Reputation: 12743
Django default admin authentication module disallows use of the \
char in usernames. How can I make it accept it?
It looks like it's possible to edit contrib/auth/models.py
's username field's validator, but that won't do because it requires a change to django's base code.
Upvotes: 1
Views: 2845
Reputation: 7616
You can use custom regex validators and a custom user model in order to achieve this.
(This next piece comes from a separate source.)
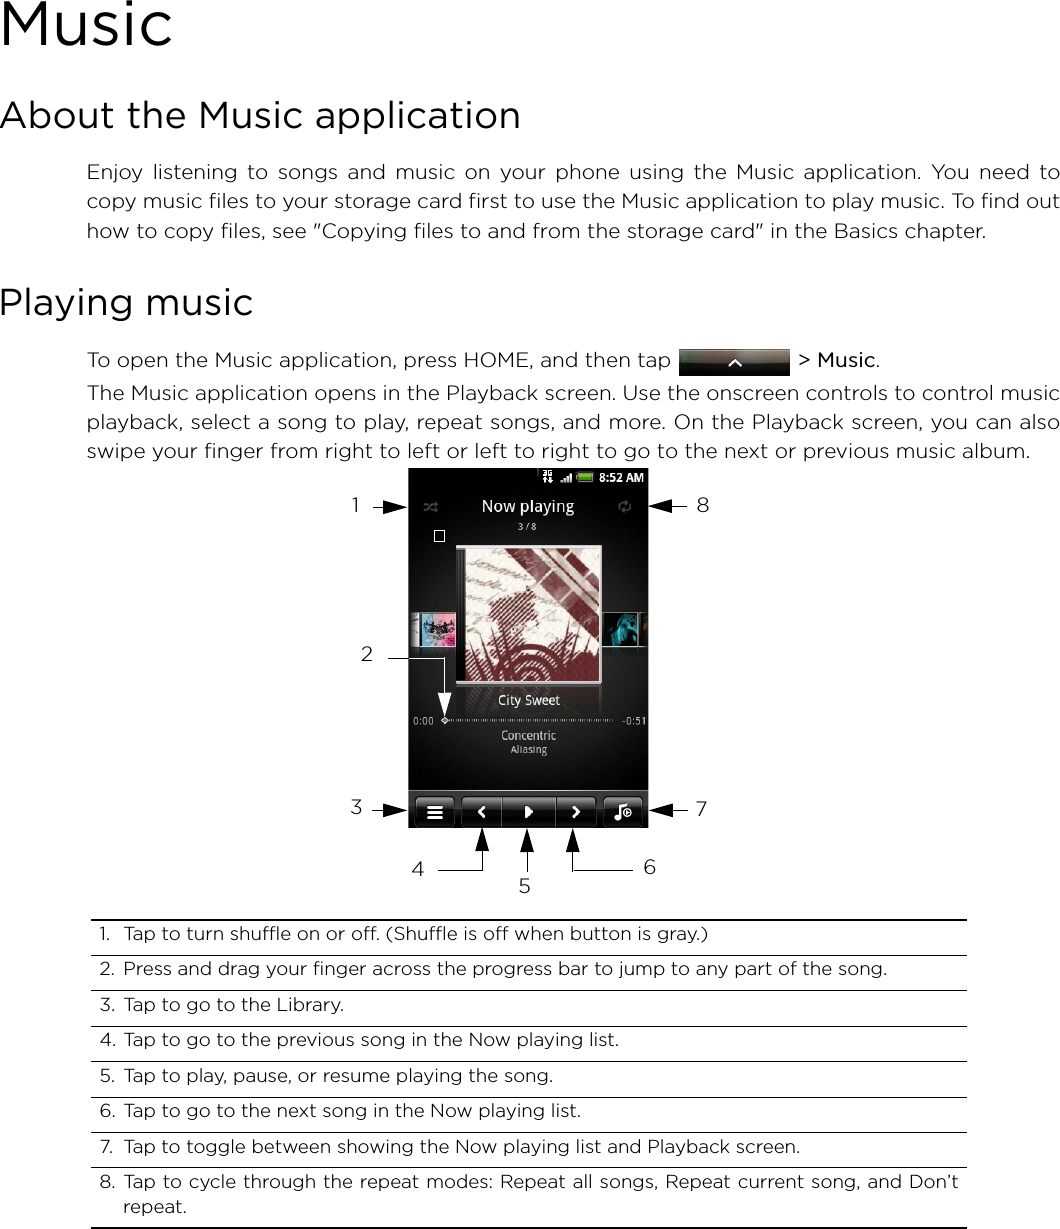 MusicAbout the Music applicationEnjoy listening to songs and music on your phone using the Music application. You need tocopy music files to your storage card first to use the Music application to play music. To find outhow to copy files, see &quot;Copying files to and from the storage card&quot; in the Basics chapter.Playing musicTo open the Music application, press HOME, and then tap   &gt; Music.The Music application opens in the Playback screen. Use the onscreen controls to control musicplayback, select a song to play, repeat songs, and more. On the Playback screen, you can alsoswipe your finger from right to left or left to right to go to the next or previous music album.1. Tap to turn shuffle on or off. (Shuffle is off when button is gray.)2. Press and drag your finger across the progress bar to jump to any part of the song.3. Tap to go to the Library.4. Tap to go to the previous song in the Now playing list.5. Tap to play, pause, or resume playing the song.6. Tap to go to the next song in the Now playing list.7. Tap to toggle between showing the Now playing list and Playback screen.8. Tap to cycle through the repeat modes: Repeat all songs, Repeat current song, and Don’trepeat.12346785

Be sure to set USERNAME_FIELD
and REQUIRED_FIELDS
in your model definition and AUTH_USER_MODEL
in your settings.
custom_userprofile_app.models.py
from django.contrib.auth.models import AbstractBaseUser, PermissionsMixin
class User(AbstractBaseUser, PermissionsMixin):
username = models.CharField(_('username'), max_length=30, unique=True,
help_text=_('Required. 30 characters or fewer.'),
validators=[
validators.RegexValidator(r'^(.*)$',
_('Enter a valid username. '
'This value may contain any characters', 'invalid'),
validators.MinLengthValidator(5, 'Username must be at least 5 characters'),
],
error_messages={
'unique': _("A user with that username already exists."),
})
# The rest of your fields, etc
USERNAME_FIELD = 'username'
REQUIRED_FIELDS = ['email','first_name','last_name']
settings.py
AUTH_USER_MODEL = 'custom_userprofile_app.User'
Upvotes: 3
Reputation: 8250
You can override django's default User model and then edit the regex validator. You are just required to create a child class of base user model and then define a setting for that.